My Federation family, I am truly prouder of what we have done in the past year than I have ever been at any of the previous twenty-four conventions I have attended. How our movement has responded in the past year gives me deep strength and boundless hope for what we will do together in the future. It continues to be my deepest honor to serve as your President. Answering to you and carrying out your priorities is the most challenging and joyous undertaking of my life. In the past year, the challenges were ones I never imagined. Yet you gave me everything we needed to push through. You invested in me. You trained me. You challenged me to test the limits for us as blind people by encouraging me to dare to do so within myself. You have loved and trusted me enough to give to me and to accept what I have been blessed to give back. A year ago I would have told you I had no idea how we would do what we have done this year, but the truth is you prepared me long ago for these moments. I carry the understanding that we are in this together—you have my back, and I have yours. The wise counsel and unwavering support that you have given to me combined with your extraordinary efforts makes it possible to lead. The love that you share with me and my family makes it possible to live the life we want.
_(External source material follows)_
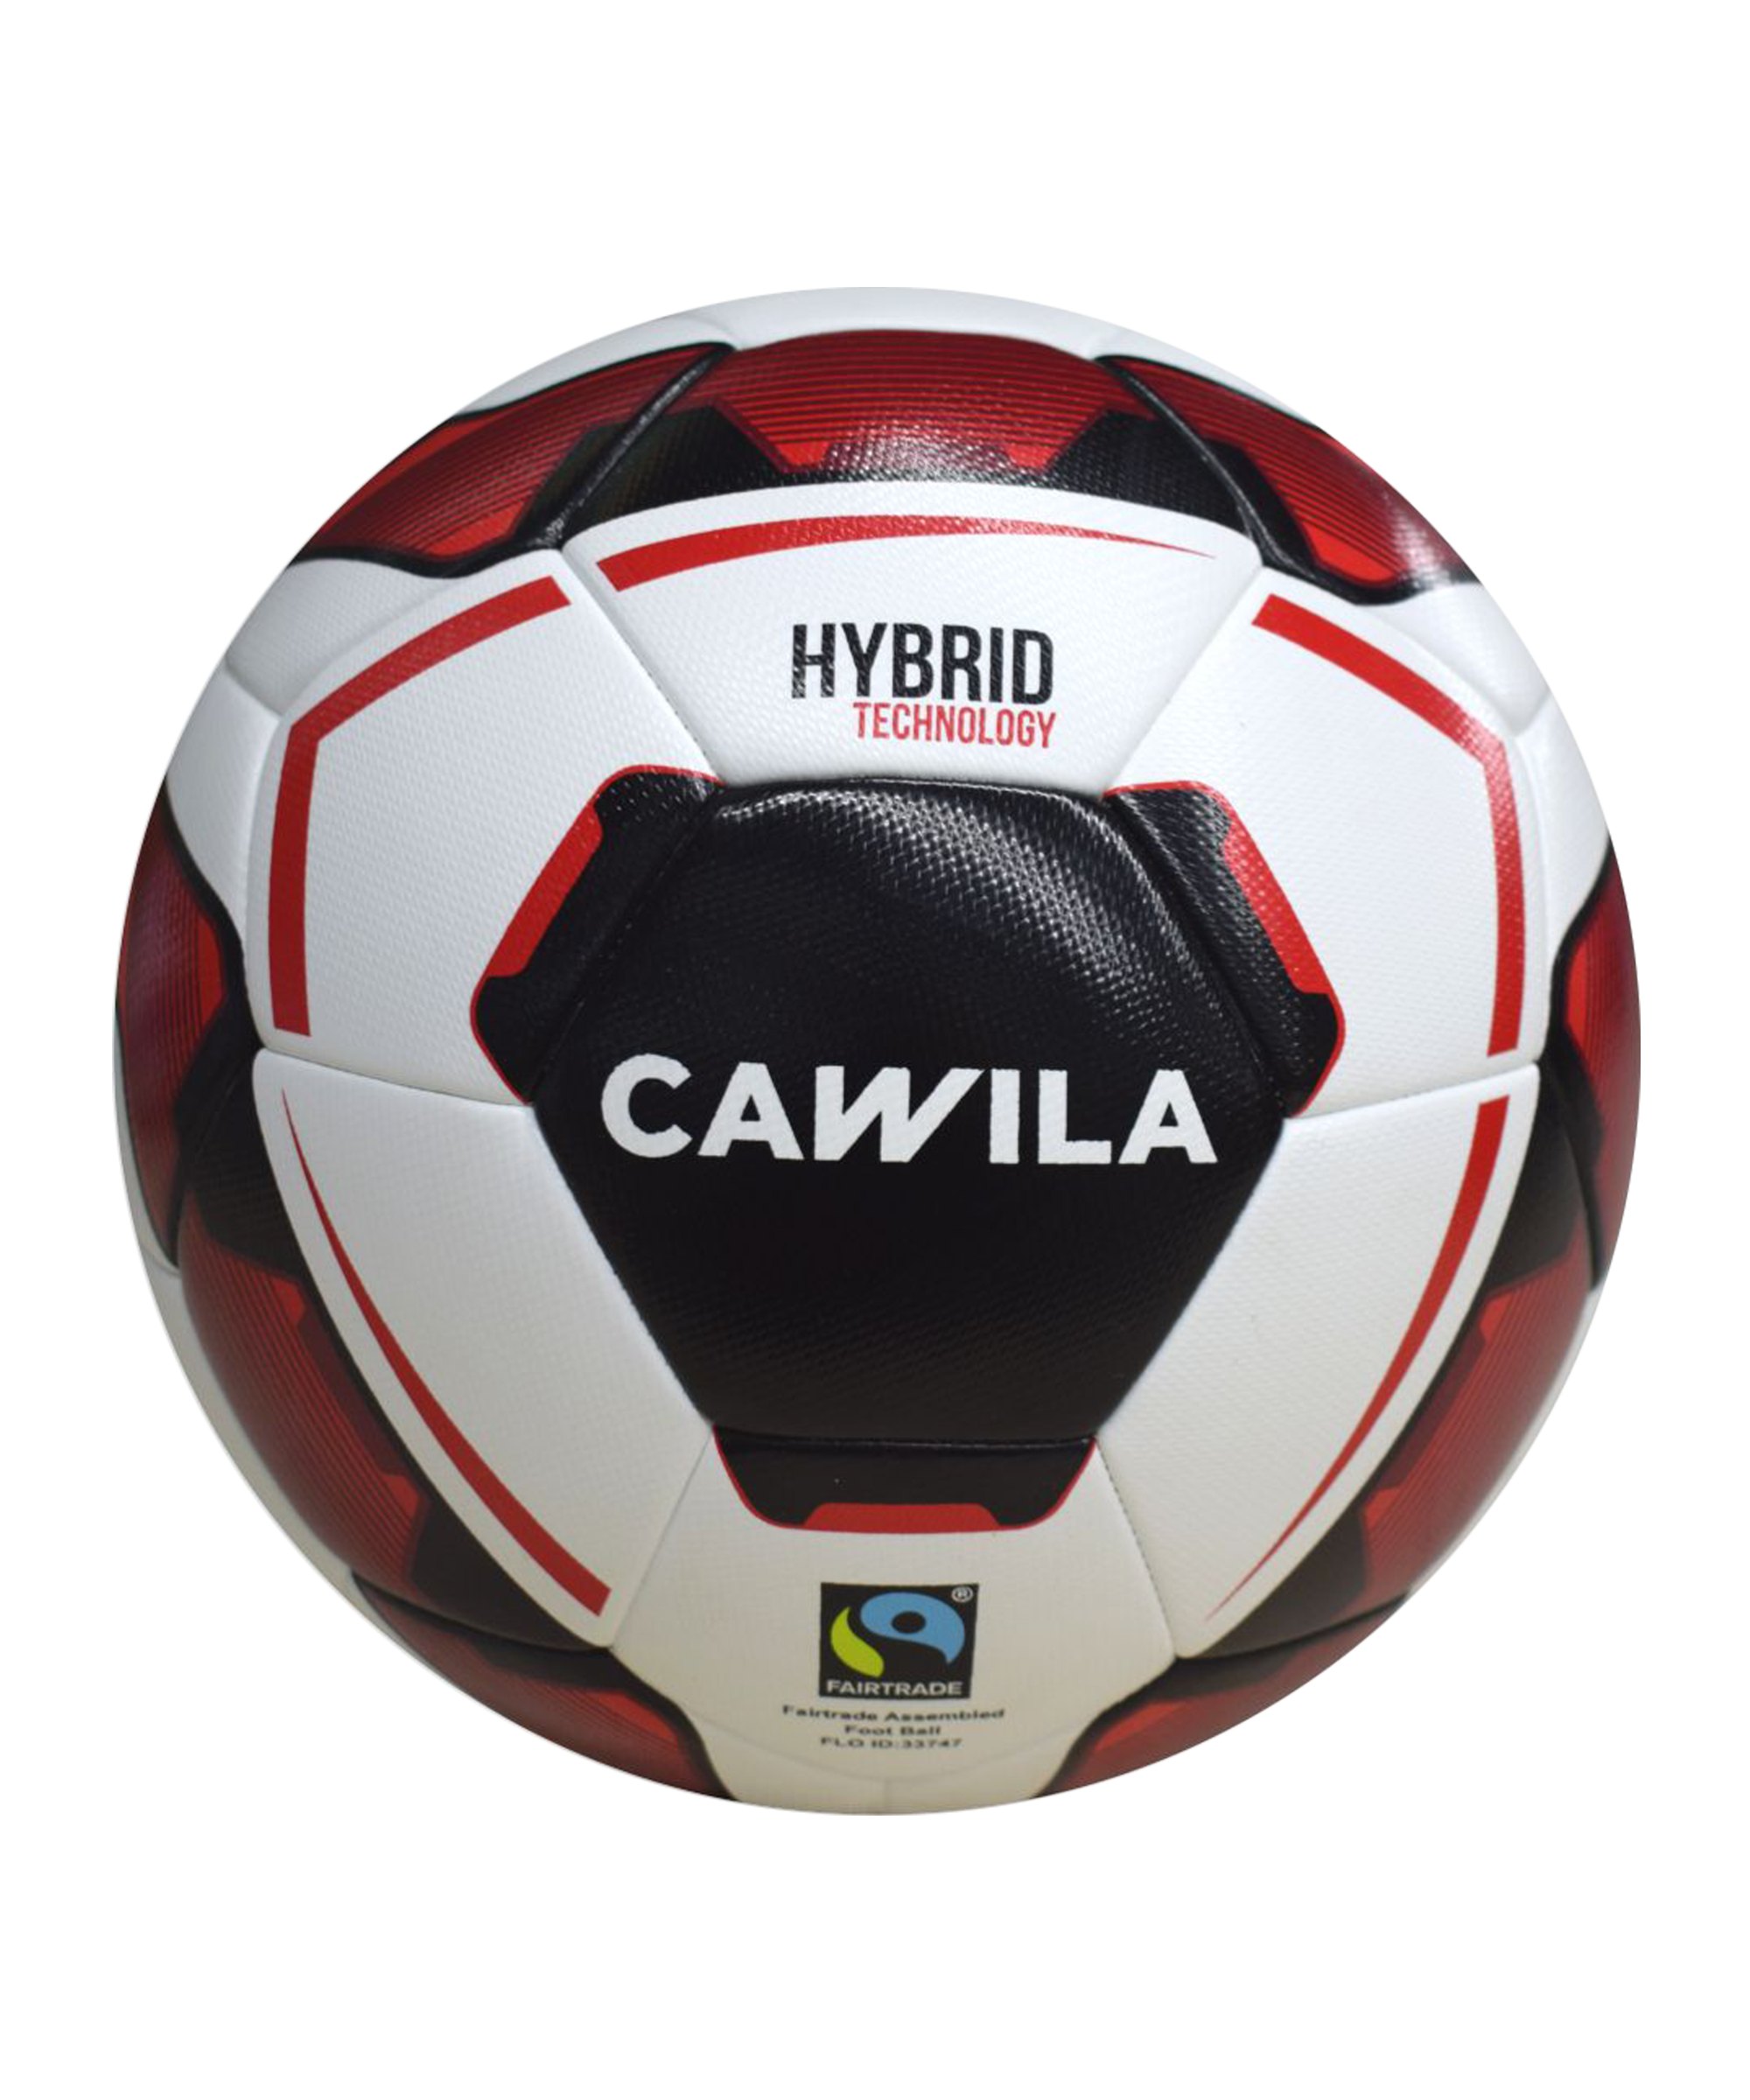 Cawila MISSION HYBRID Fairtrade Trainingsball Gr. 5 - weiss

I again pledge to you my dedication, energy, imagination, and heart in advancing the mission of our movement. I will never ask of you anything that I am not prepared to do myself. I am prepared to serve in this office as long as you call upon me to do so. I will continue to march shoulder to shoulder with you until I have nothing left to give. I will never run out of gratitude for all that you have given to me, and I will continue to work tirelessly to pay the value of the Federation family forward to a new generation of leaders.
Fellow Federationists, this is my report for 2020. This is the continued progress we make in protecting. This is the unshakeable bond of faith we share in connecting. This is how we transform dreams into reality despite unexpected challenges. This is our love, hope, and determination in the National Federation of the Blind.